A South Coast community advocate has taken home a statewide award, but she doesn’t plan to slow down anytime soon.
“I was really shocked [to win], because I was in a room full of incredible women doing really phenomenal work,” Monica Mudge said.
“I felt really proud to represent our whole South Coast community and particularly the women that I work with.”
The Treading Lightly founder and yoga teacher was chosen from a record 420 nominations as a finalist in the NSW Community Hero category of the 2024 Women of the Year Awards.
She was recently informed she had won.
Ms Mudge, from Mollymook, said she had long focused on the environment and bringing the community together.
“You never do this work in the hope of achieving recognition,” she said.
“From a very young age, I’ve always been really passionate about supporting the natural environment.
“There’s always an element of being a voice for the voiceless.”
Ms Mudge is the president of Treading Lightly, an organisation dedicated to environmental care, which she founded in 2016.
Since the 2019-2020 Black Summer bushfires, she has also increased her environmental advocacy work and is currently a community resilience officer in the disaster recovery sector.
“My work is working with local communities along the South Coast post-disasters and working with them to explore grief, loss and change as a really important part of being able to recover and prepare for the future,” she said.
“That is all so when we have situations like the bushfires or COVID, we’re not relying so much on outside assistance or resources.”

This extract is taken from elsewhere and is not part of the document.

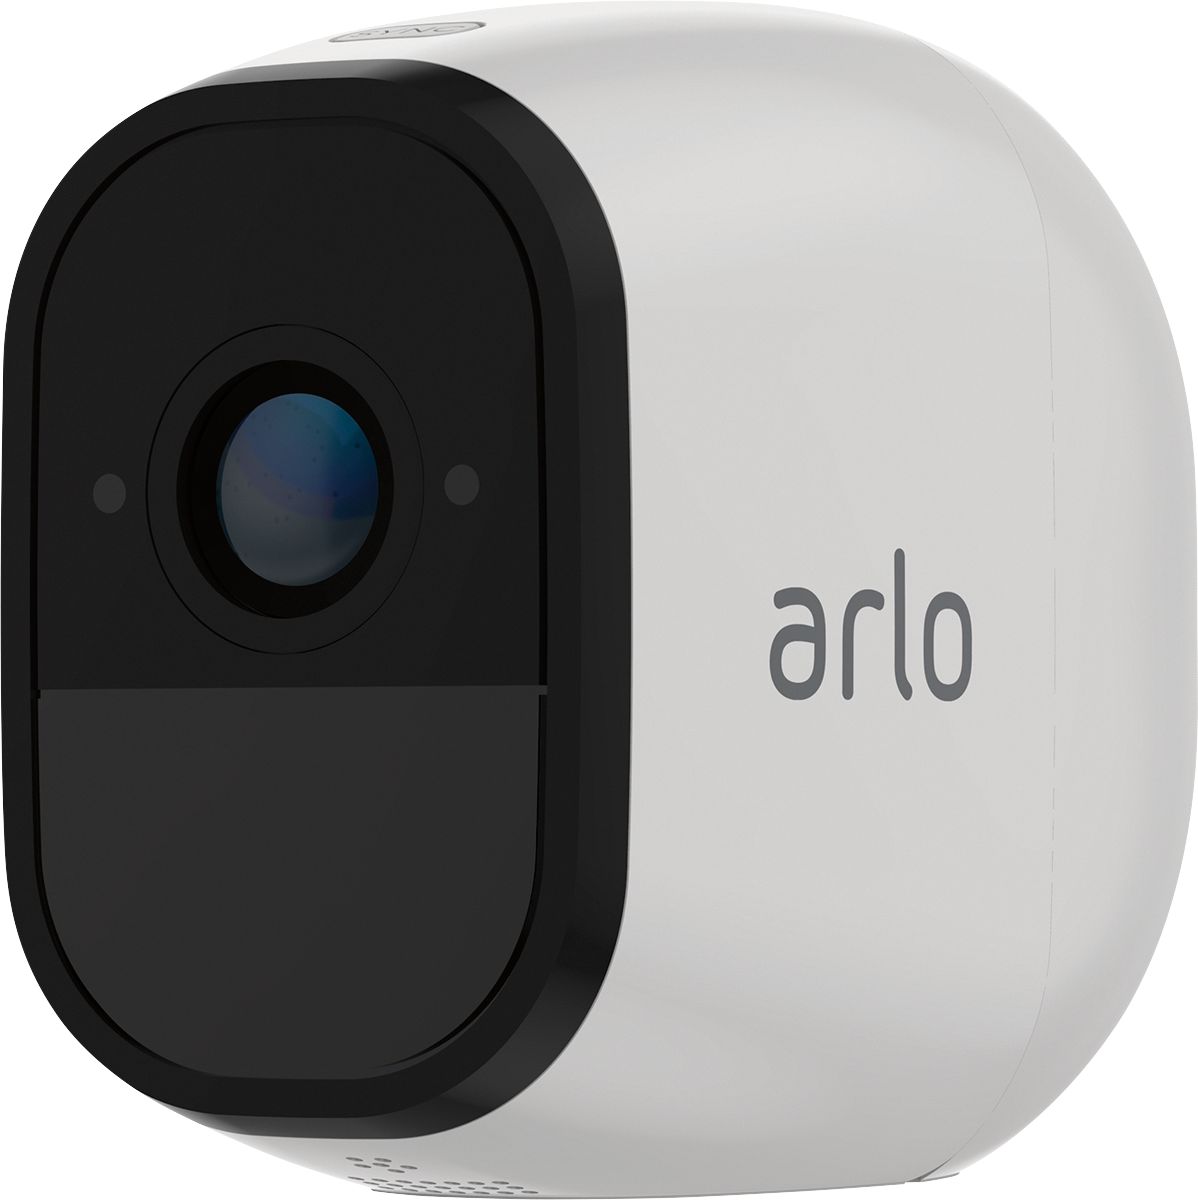 determine if you have Arlo Pro or Arlo

She also operates a South Coast yoga studio, WYLD Spaces, in Milton.
“My main focus in that space is to bring people into awareness of what they need on a somatic level,” she said.
“Sometimes this world is quite busy and demanding, and we forget to look after ourselves.

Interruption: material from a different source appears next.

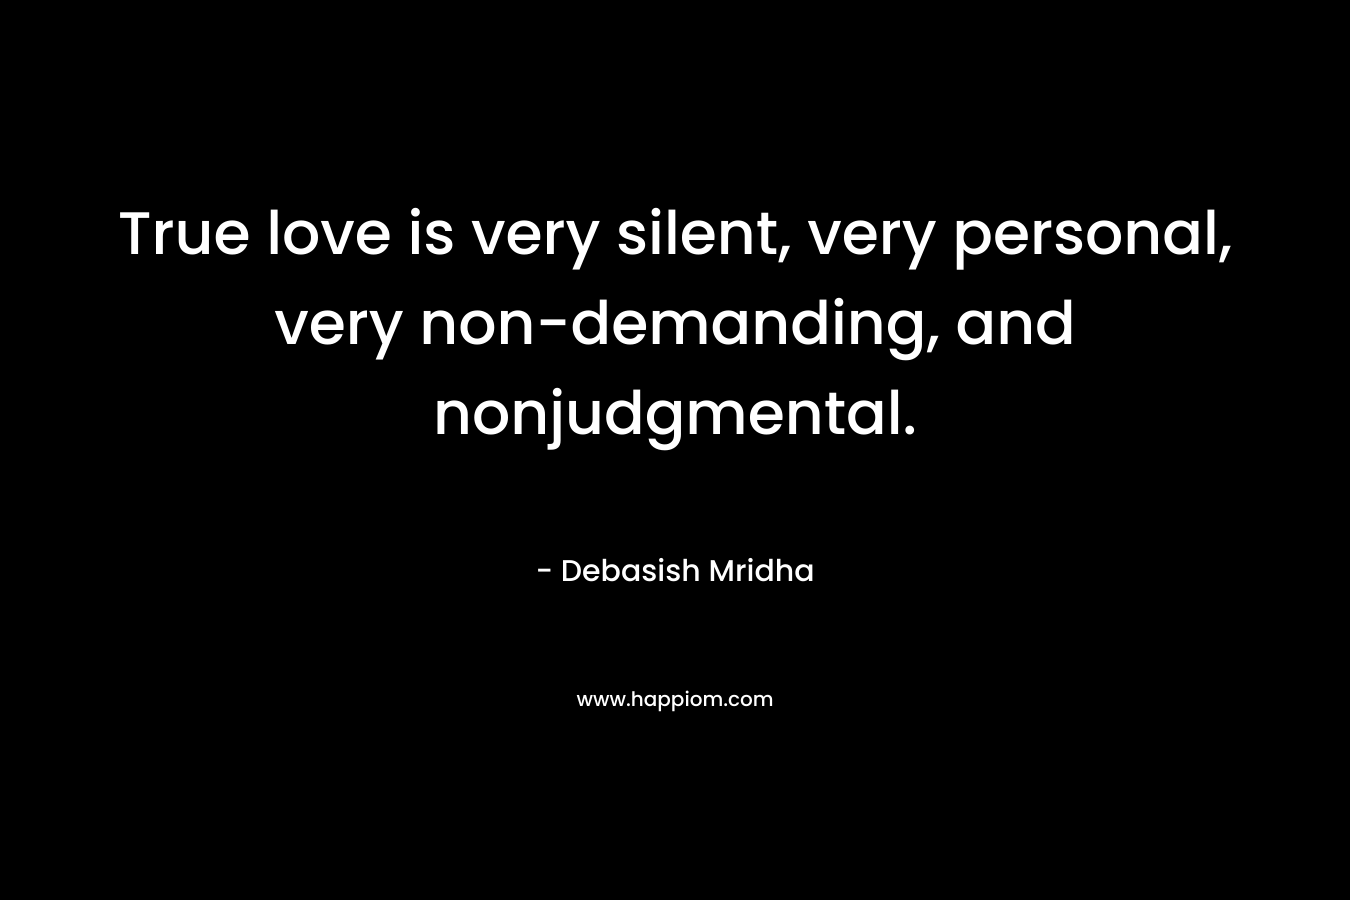 True love is very silent, very personal, very non-demanding, and nonjudgmental.

“The work I do in the studio enables me to do the work that I do in the community – if you don’t find time to look after yourself, you’re not able to give to your community.”
In the coming months, Ms Mudge’s goal is to position her yoga studio as a space where the community can gather, and to seek longer-term funding for Treading Lightly.
“It’s a really important space for our youth – and for our whole community, actually, as lots of not-for-profit organisations use the space and we collaborate to do really wonderful things.”
Ms Mudge also hopes to have an impact on a personal level.
“I have two daughters who are young adults now, and I want to make sure I’ve left a legacy for them that is hopeful,” she said.
“But being hopeful is one thing – I want to have a legacy of active hope, which means actually getting out there and doing something about it rather than wishing things will get better.
“I hope to also leave a legacy for the community, with spaces a community can come to when they need assistance with environmental issues.”